Here I don't fully agree with you. I mean that there is another possible explanation. As the shader complexity increase, the influence of MSAA decrease and tend to be nil. It's why MSAA is not harming shader fillrate. It's also the case with one Z unit 'per pipeline'. IE : if a shader needs 30 pass in the pipeline (-> 30 instructions), the more samples just need 1 pass in the pipeline.
-> with 8 Z and 8 pixel : 30 cycles without AA, 31 cycles with 2X MSAA, 33 cycles with 4X MSAA (and maybe 30 cycles with 2X and 4X MSAA if Z pipelines are decoupled)
-> with 16 Z and 8 pixel : 30 cycles without AA, 30 cycles with 2X MSAA, 31 cycles with 4X MSAA (and maybe 30 cycles with 4X MSAA if Z pipelines are decoupled)

Your results seems to say that the Z units are decoupled but if I remember well, I have results that seems to say they are not decoupled.
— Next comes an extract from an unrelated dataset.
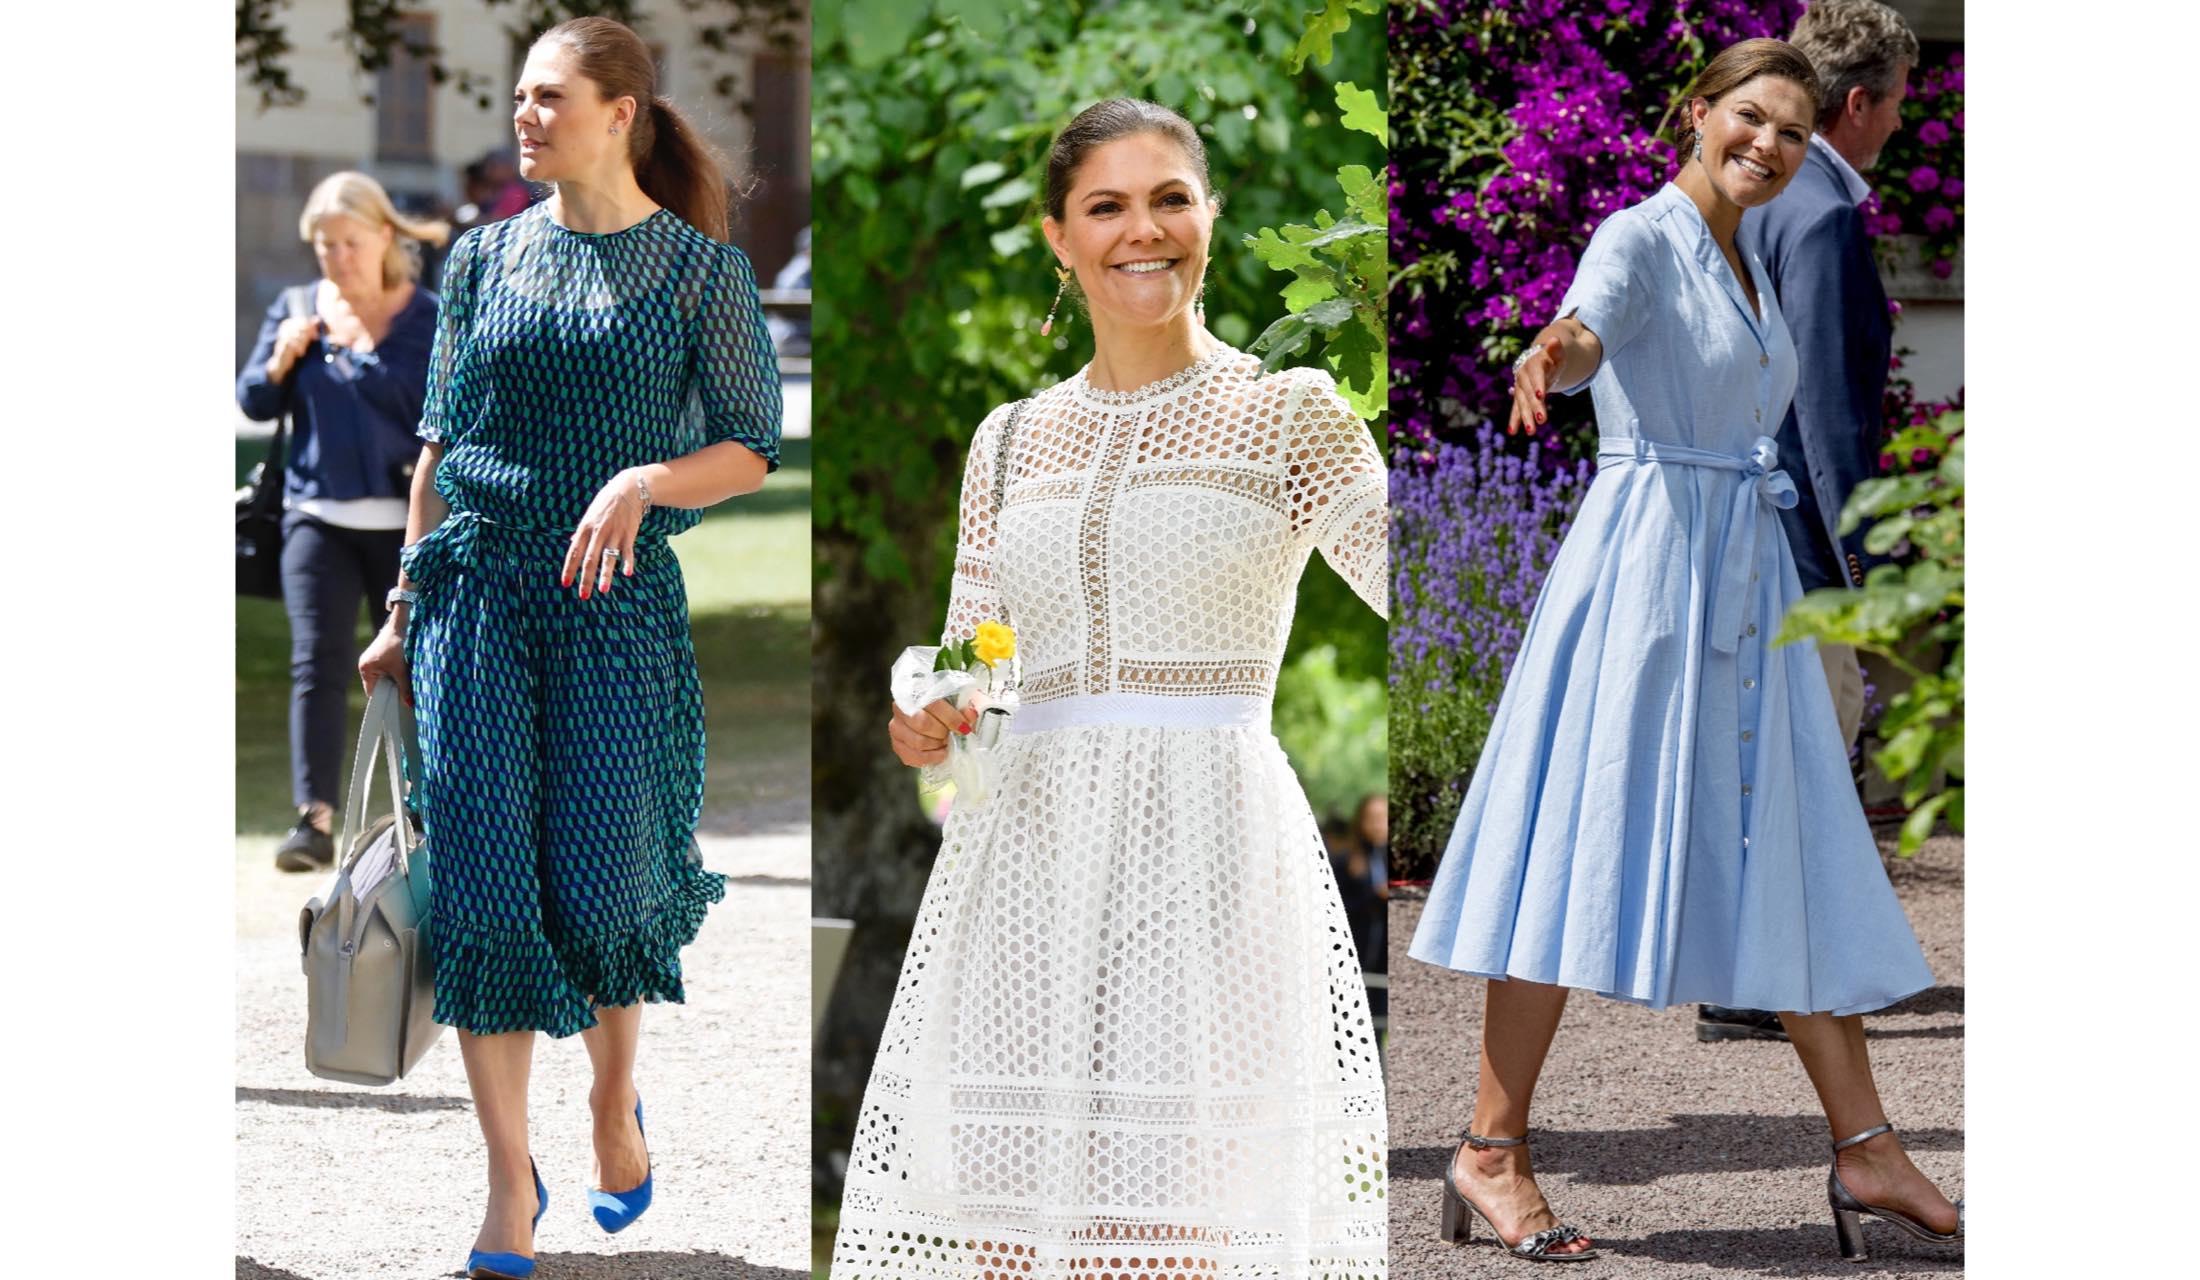 ワンピースを着こなすヴィクトリア女王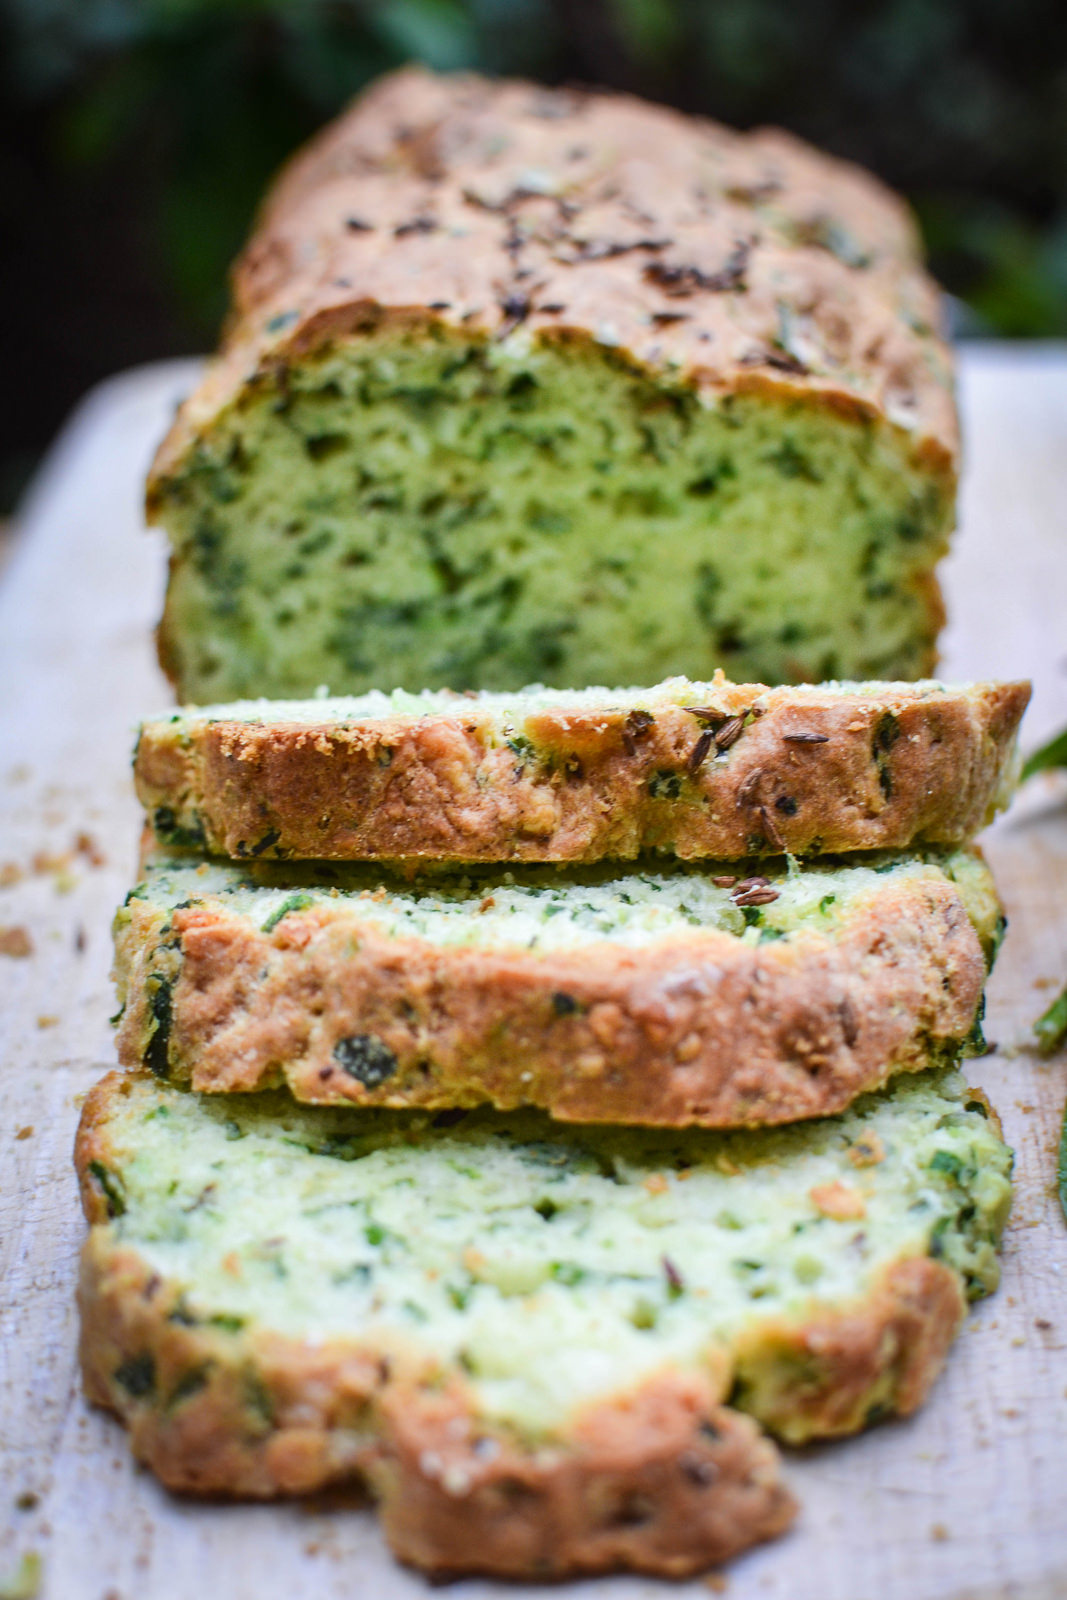 Nasturtium bread

Maybe they are decoupled with the fixed function and not with pixel shader ?
 
Dave,

What´s the case when stencil ops and MSAA get combined? NV3x seems to loose quite a bit less in performance against the R3xx in such cases.
 
It makes sense too. So the NV35 has 16 Z pipelines and 4 pixel pipelines.

I´d say 16 ROPs. And I´m not so sure the amount of pixel pipes has any relevance to the first number.
 
Ailuros said:
Dave,

What´s the case when stencil ops and MSAA get combined? NV3x seems to loose quite a bit less in performance against the R3xx in such cases.

Why ?

NV3x : 8 z ops and 8 stencil ops (without AA and/or with stencil) or 16 z ops (with MSAA and without stencil)
R3x0 : 8 z ops and 8 stencil ops (without AA and/or with stencil) or 16 z ops (with MSAA and without stencil)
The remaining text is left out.